Start of Data

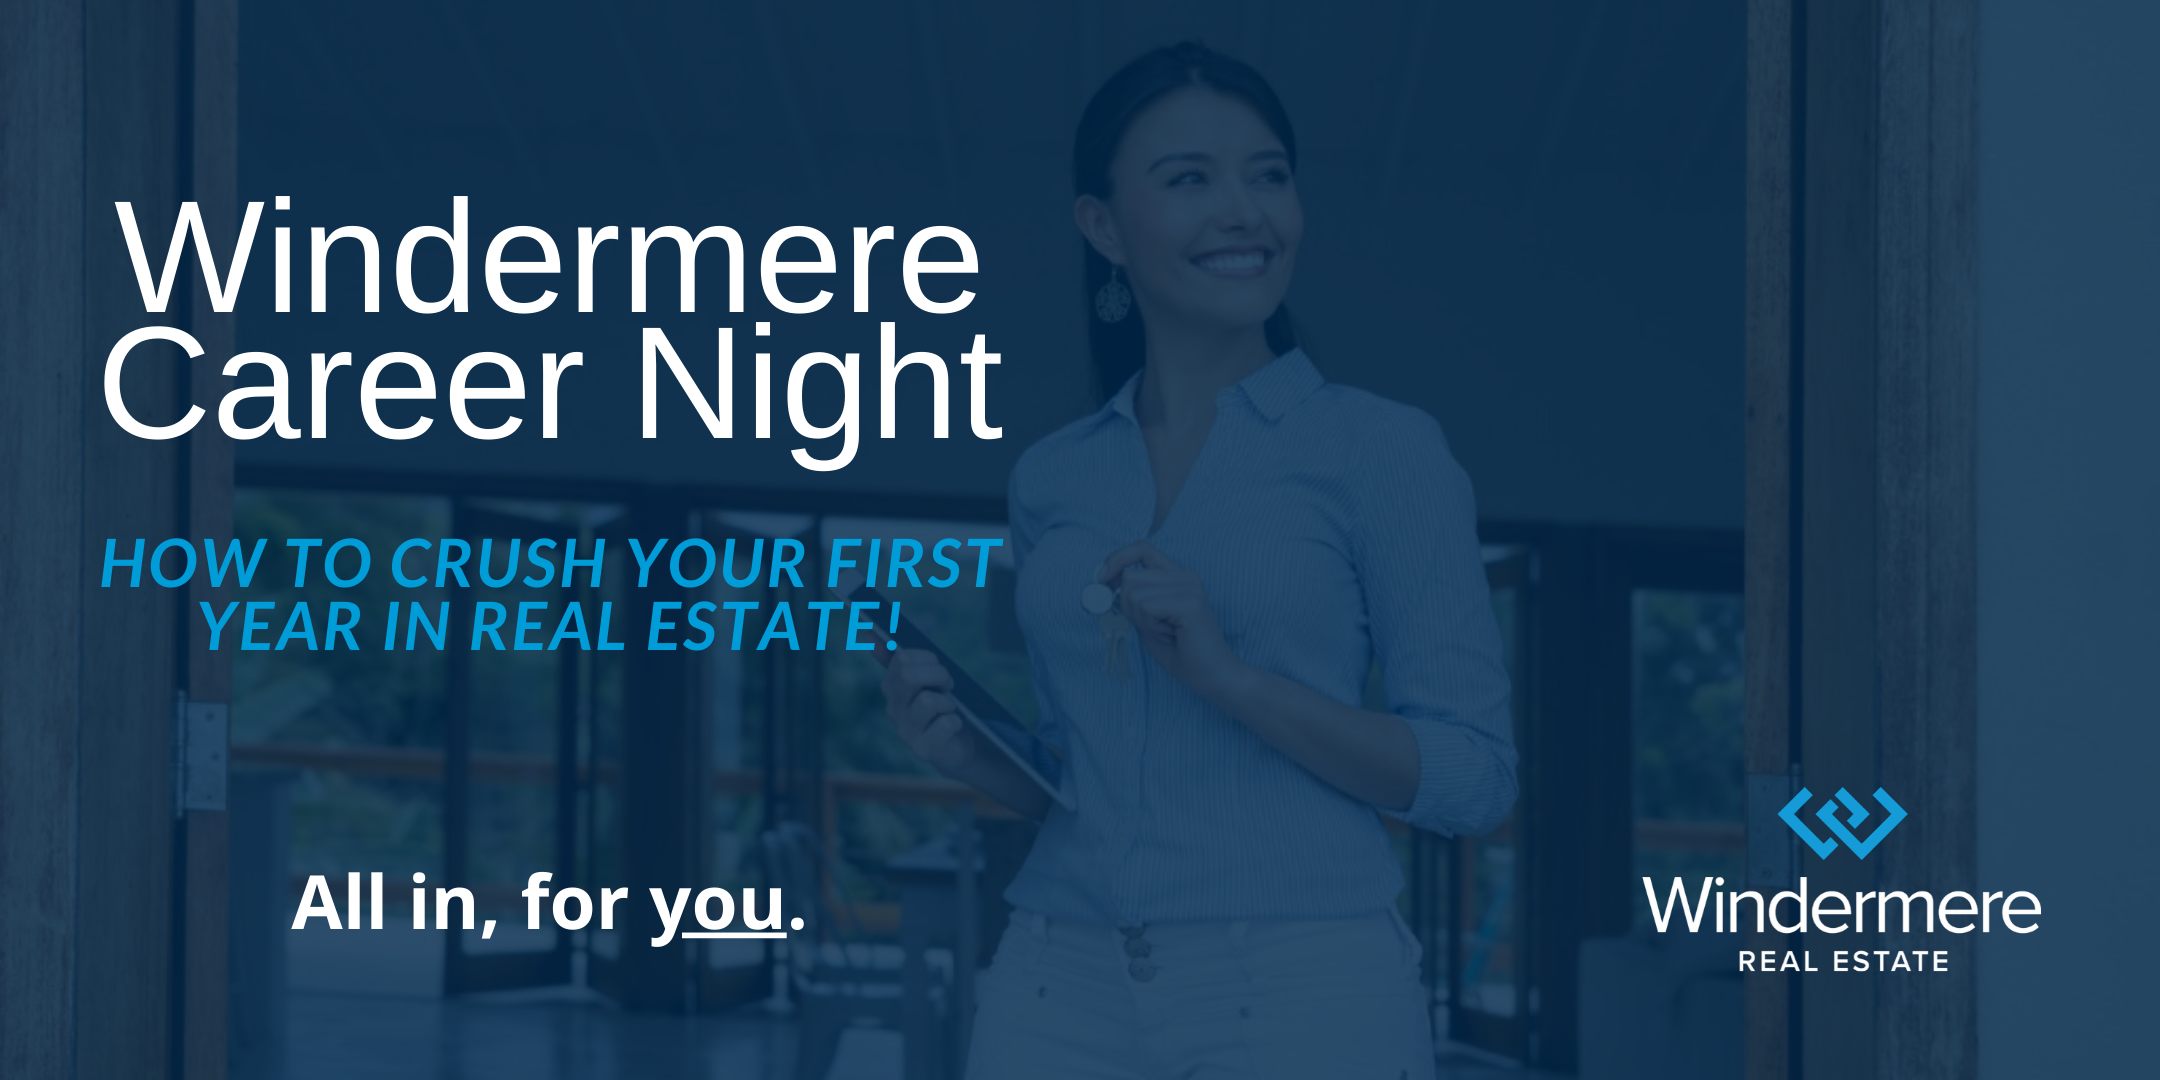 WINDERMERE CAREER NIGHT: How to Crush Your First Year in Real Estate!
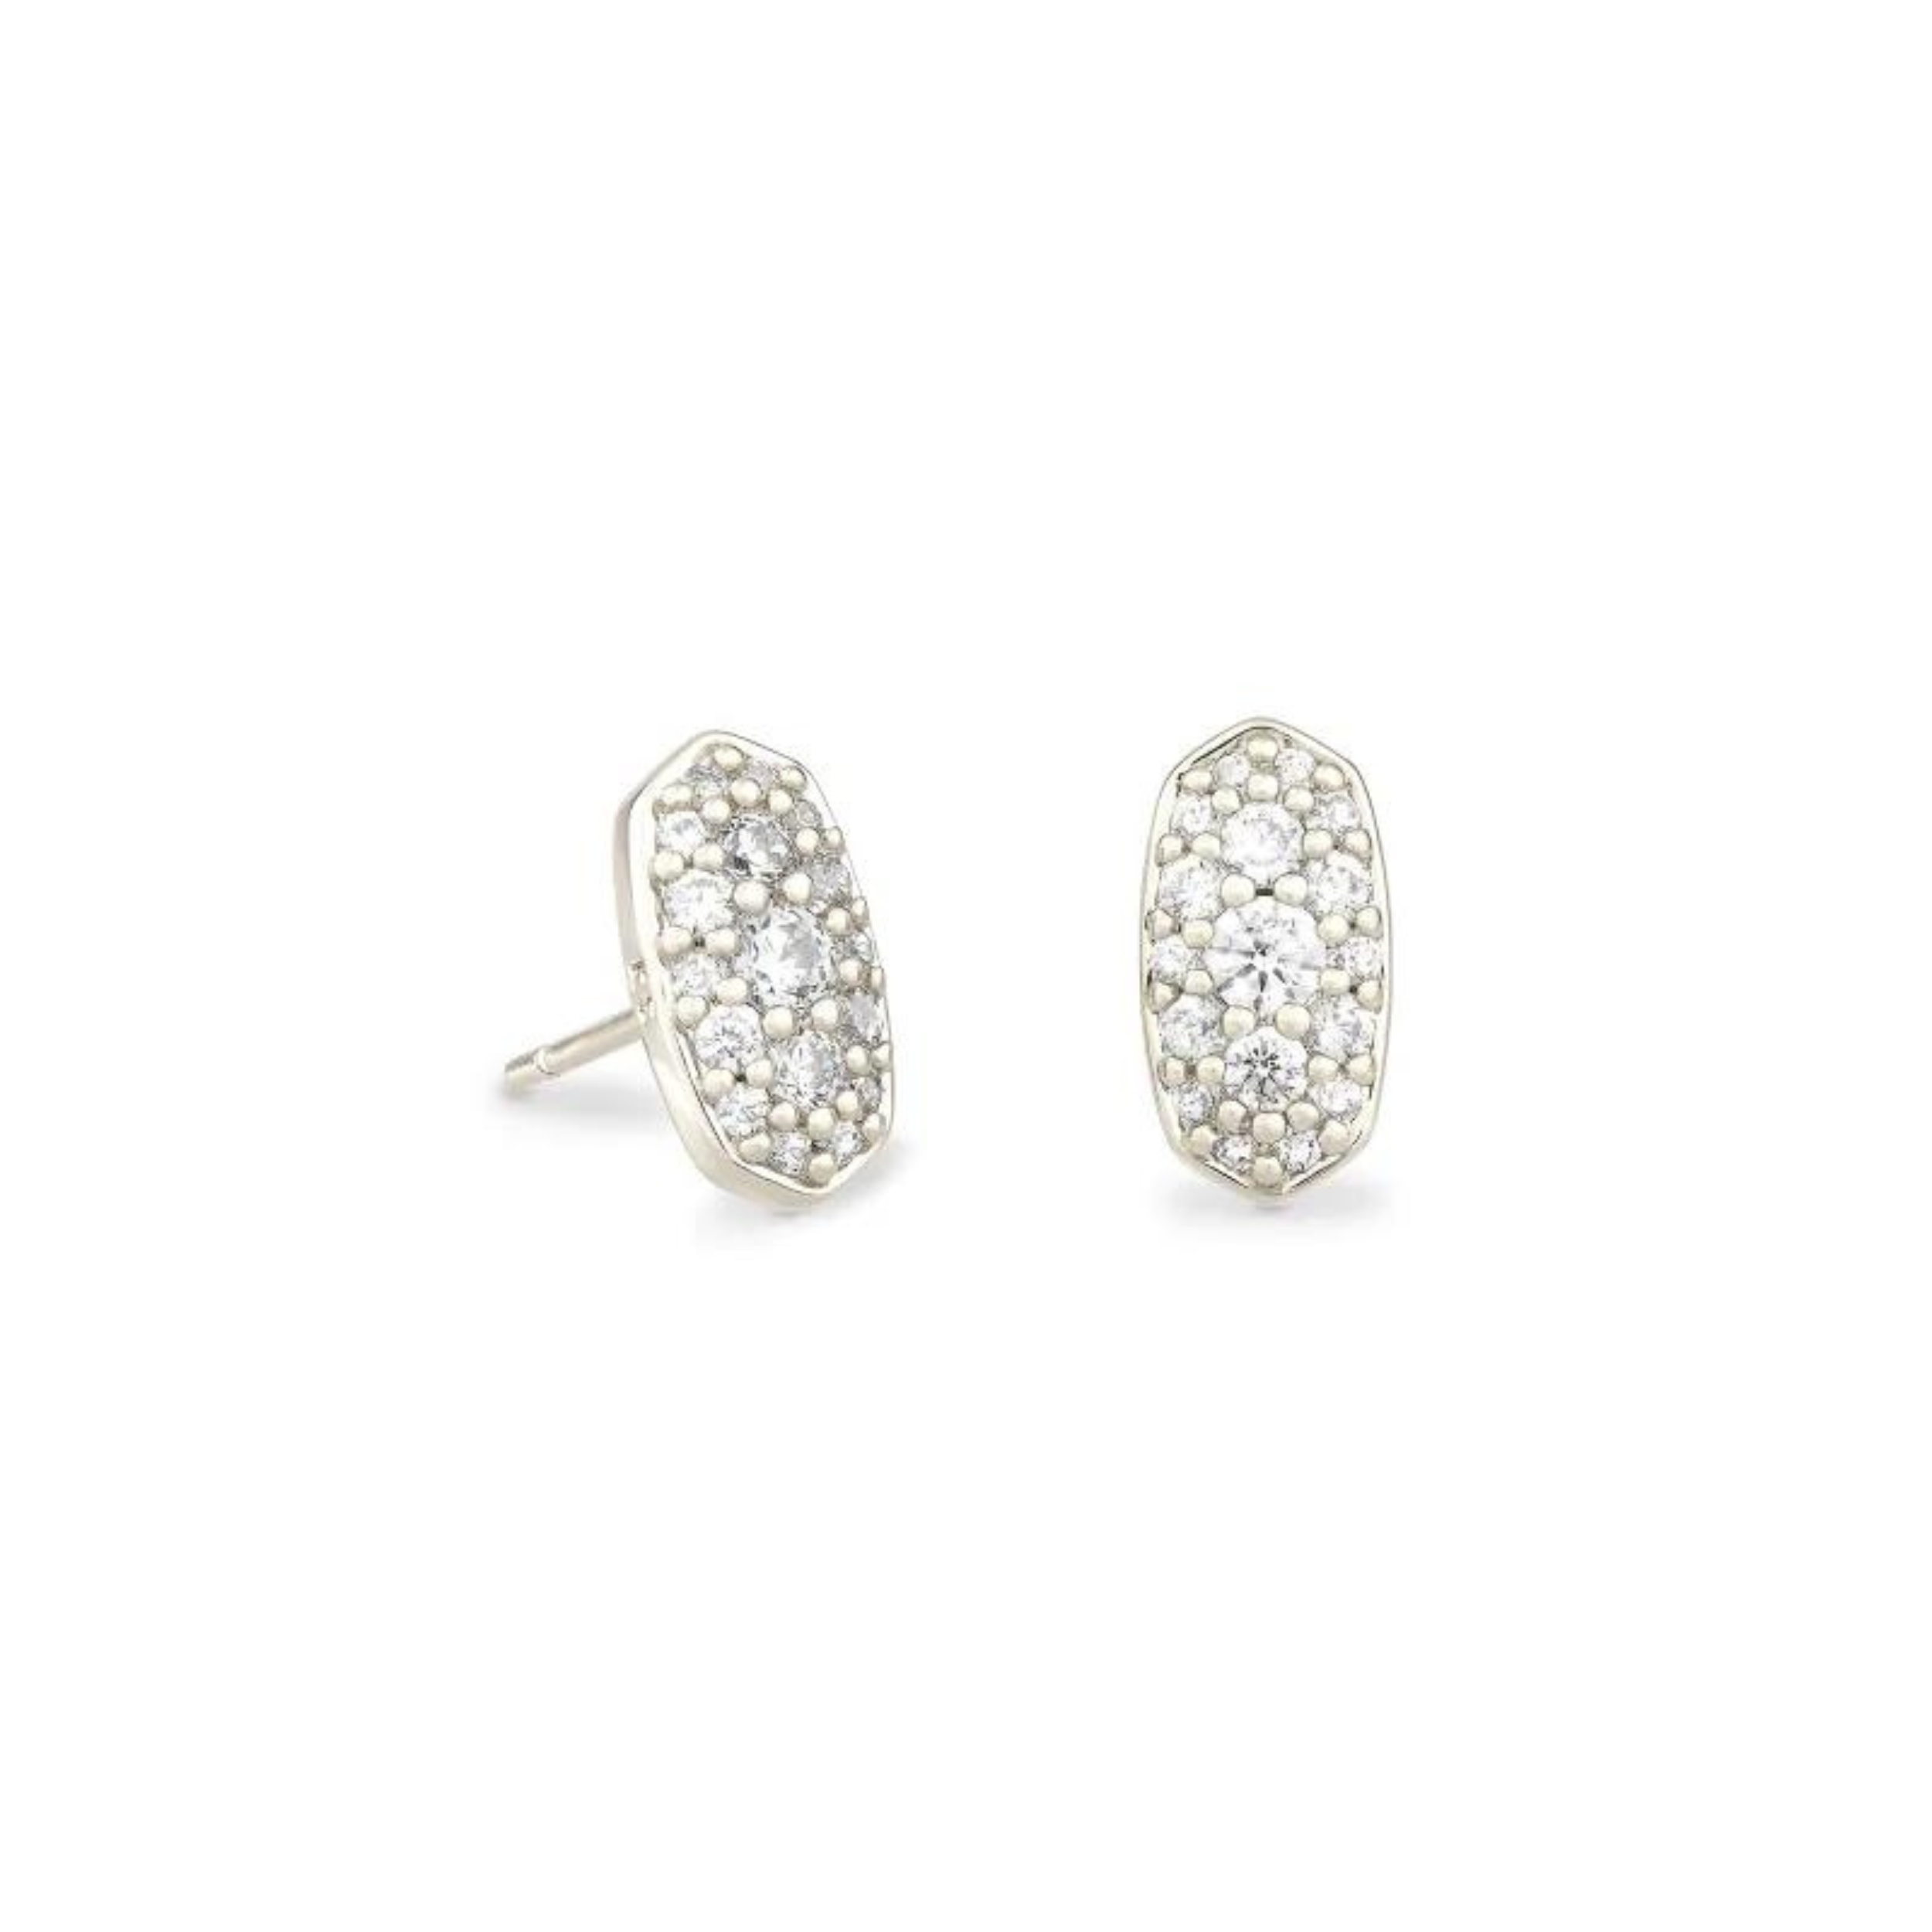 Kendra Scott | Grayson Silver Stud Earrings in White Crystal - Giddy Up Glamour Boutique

End of Data
Start of Data

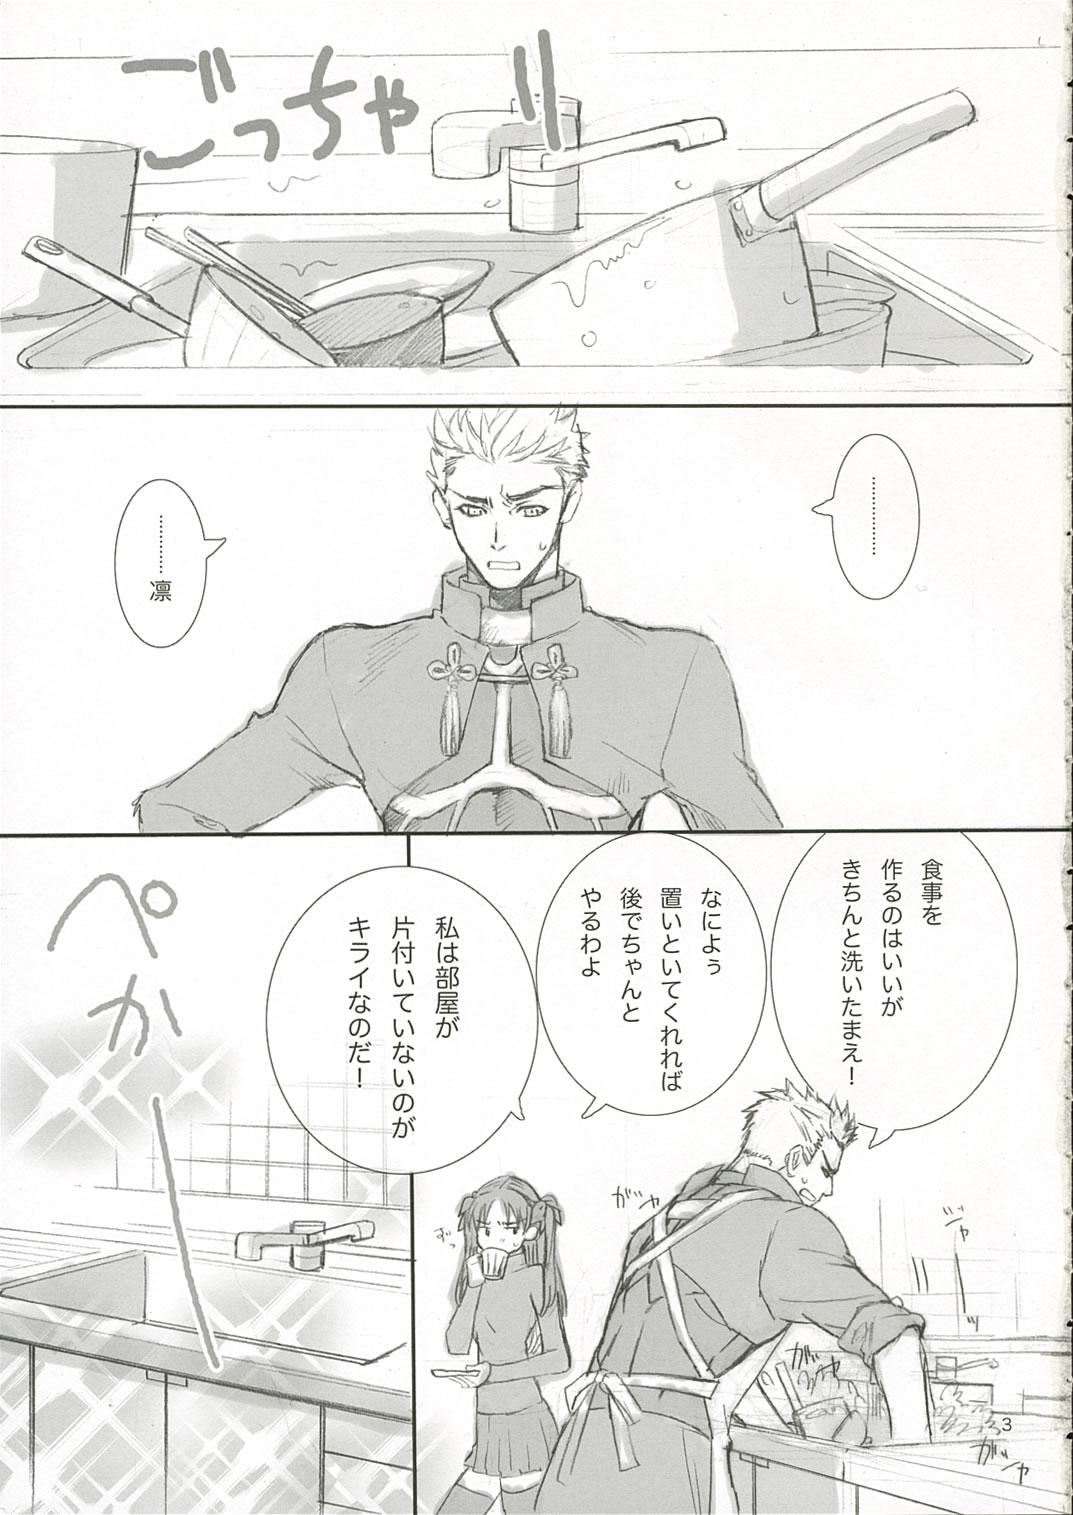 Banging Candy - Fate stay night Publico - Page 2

End of Data

» **Your assignment**: Using the records above, repeat exactly the run of lines that starts with the line with "WINDERMERE CAREER NIGHT: How" and goes on through the line with "Kendra Scott |"; omit each picture.

» **Result of the task**:
 WINDERMERE CAREER NIGHT: How to Crush Your First Year in Real Estate!
 Kendra Scott | Grayson Silver Stud Earrings in White Crystal - Giddy Up Glamour Boutique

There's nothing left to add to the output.